Thirdly, if you later dispose of the said property there are exemptions from transfer tax, and fourthly, as mentioned, one can access an urban renewal bond.

Hewitt continued: “The lenders of that bond will get the income from that loan tax-free to them which in turn allows the lender, ie the bank, to lend at a discounted rate because the institution can adjust for tax. In other words, it is a win-win situation. For example, my base lending rate today is 19.875 per cent. Corporate taxes are 32 1/3 per cent. So if one were to take advantage of this facility, instead of borrowing at my base rate, they would be borrowing at 13 1/4 per cent.”

The young corporate banker pointed out that more companies need to go this route, and that since Scotia completed the GraceKennedy transaction, it hasn’t done any similar deals. In other words, not many companies are knocking on its doors. In fact, it has three deals it is talking with parties to but Scotiabank is yet to get the green light on any of them.

Scotia has decided to take the merits of the programme to clients in an effort to see more projects take off in urban areas. Nevertheless, it is meeting some push-back with concerns about security and the stigma associated with downtown Kingston.

Hewitt outlines the merits of downtown such as less congestion, good parking and easy access to the airport.

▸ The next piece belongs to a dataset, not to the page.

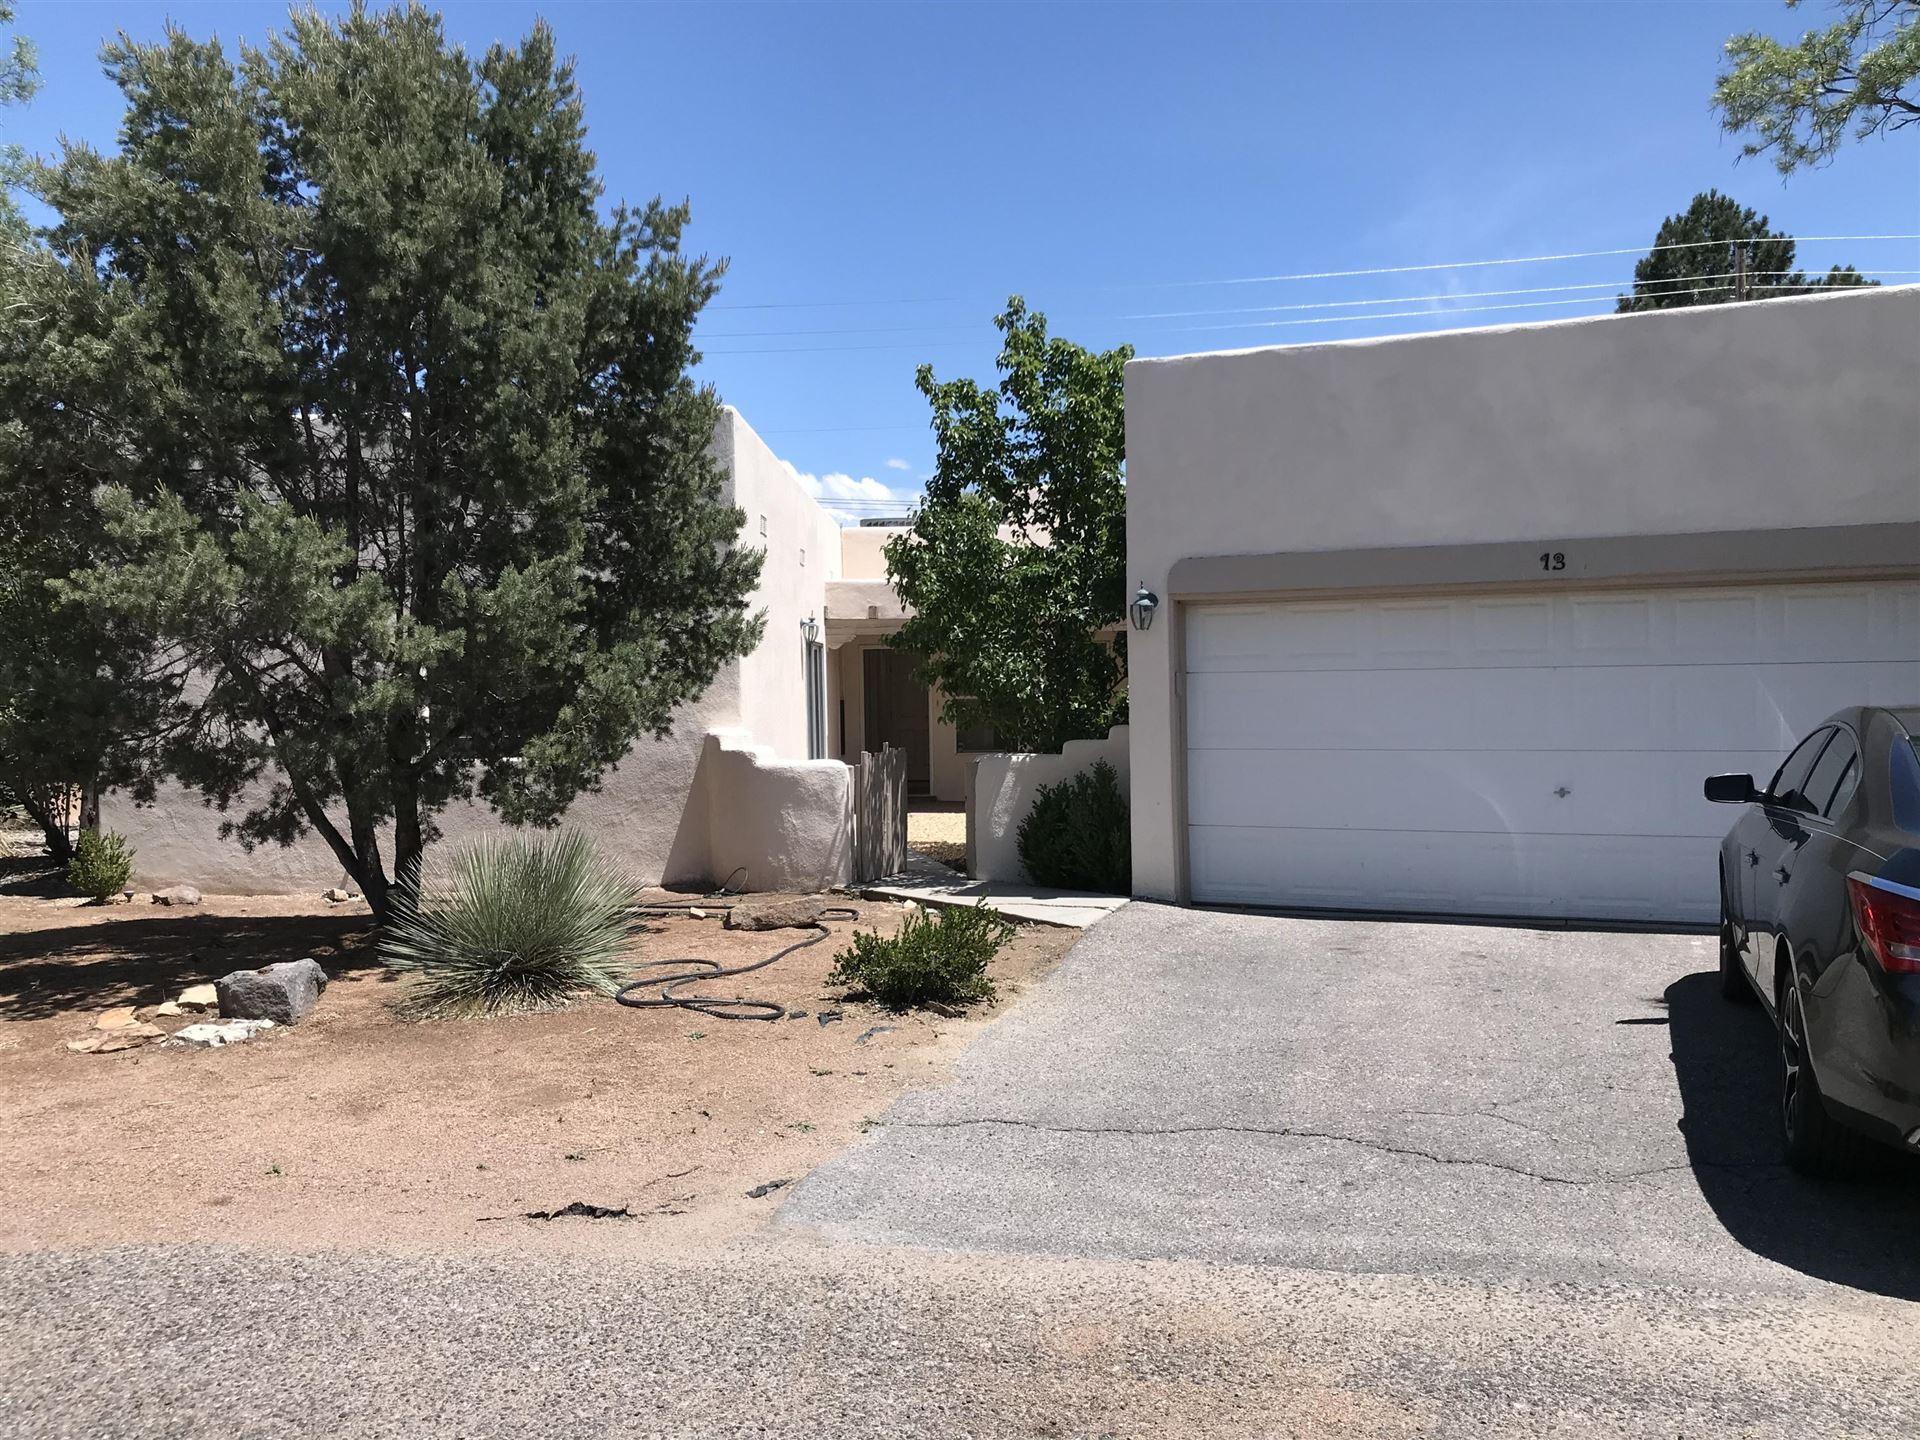 Photo of 8301 4TH Street NW #13, Los Ranchos, NM 87114 (MLS # 969785)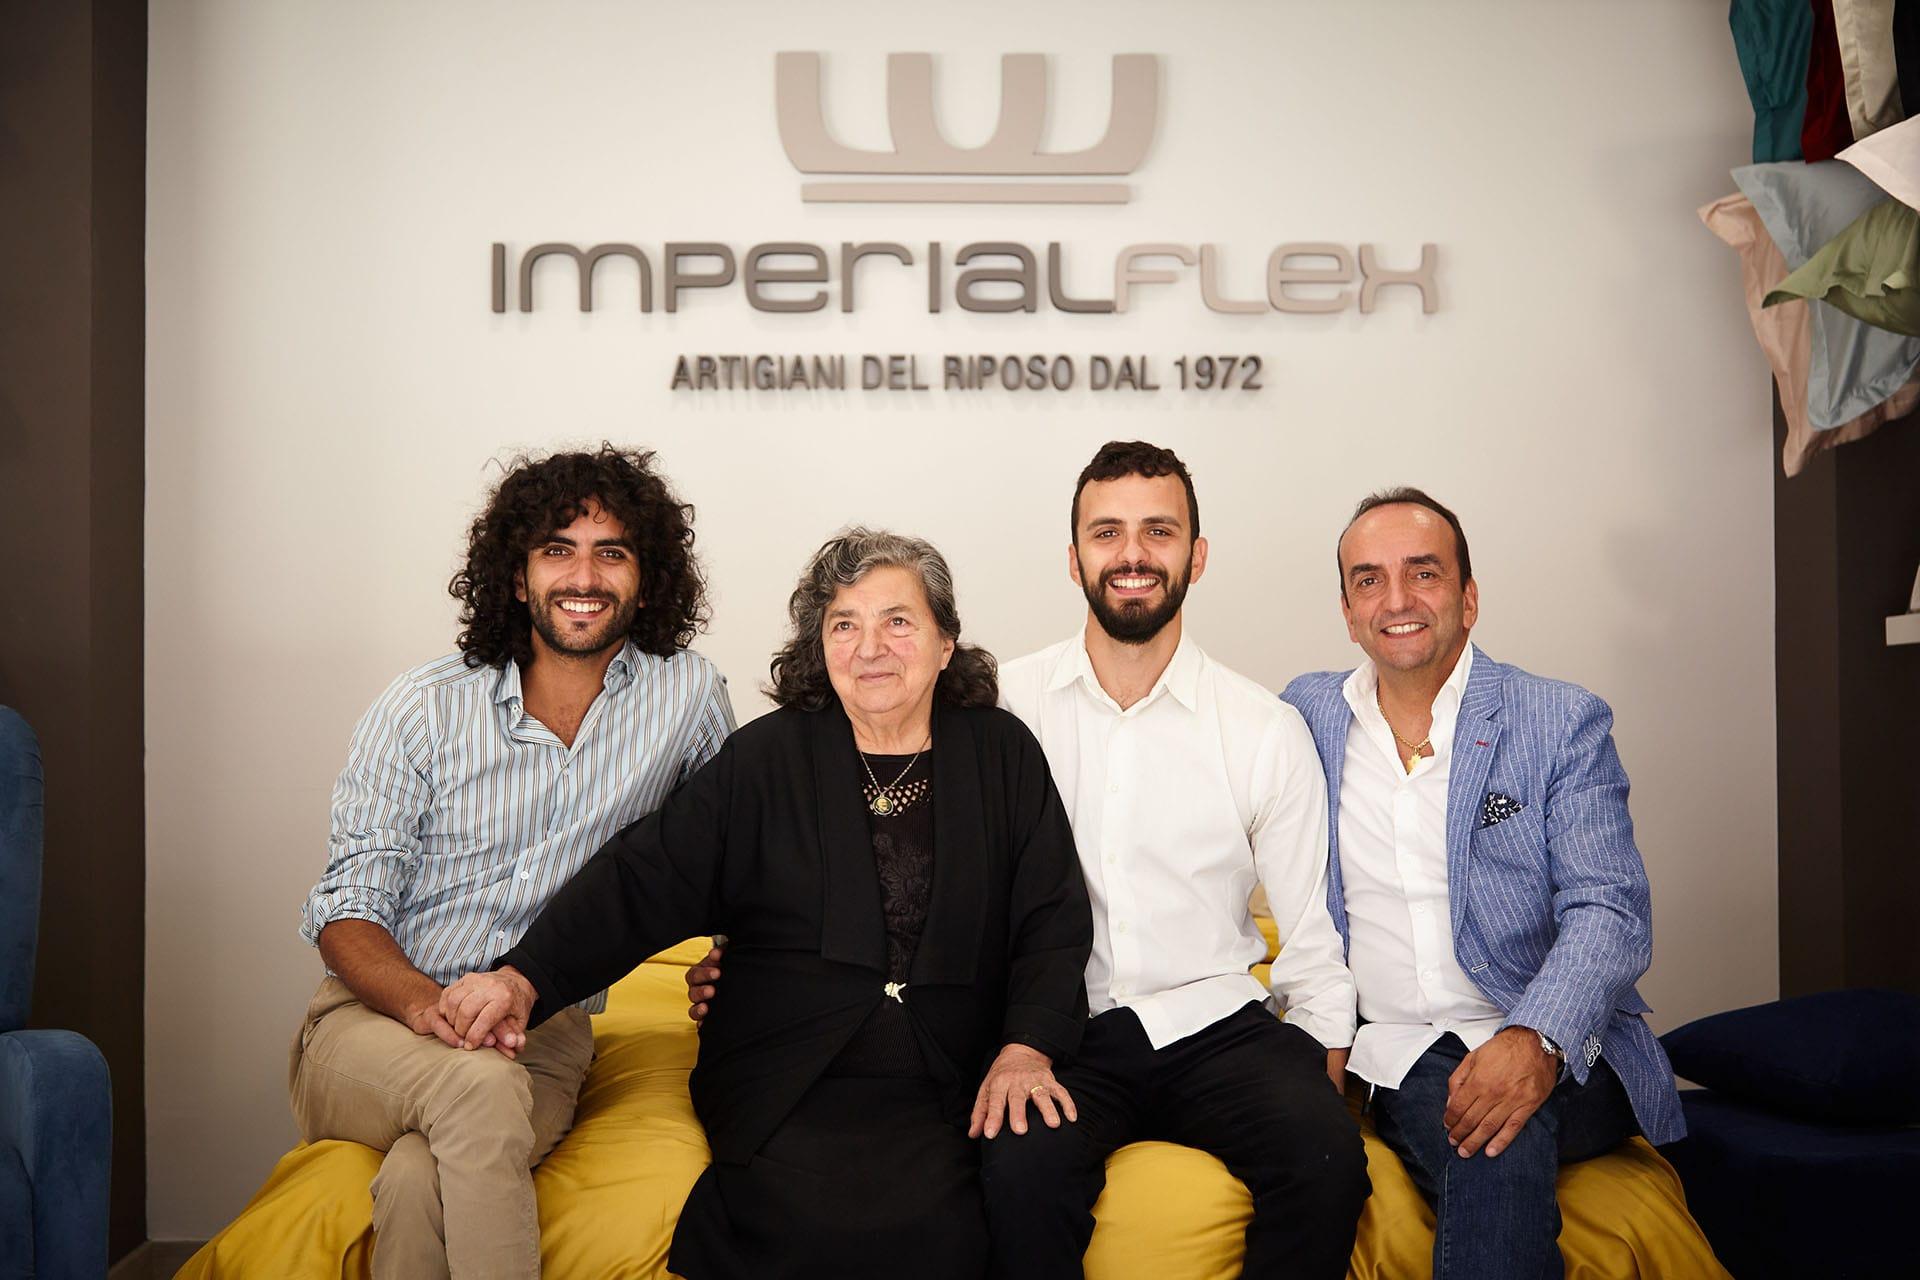 Storia di Imperialflex un'azienda di artigiani del riposo

Over the last two months Scotiabank has ramped up its corporate and commercial loan book, seeing it add another J$5 billion since the imposition of the Jamaica Debt Exchange programme (JDX). It has made a conscious decision to go out and aggressively seek business as it weans itself off an over-reliance on interest income.

Senior Vice-President Corporate & Commercial Banking Wayne P Hewitt isencouraging businesses to move into urban areas and make the best of theincentives offered.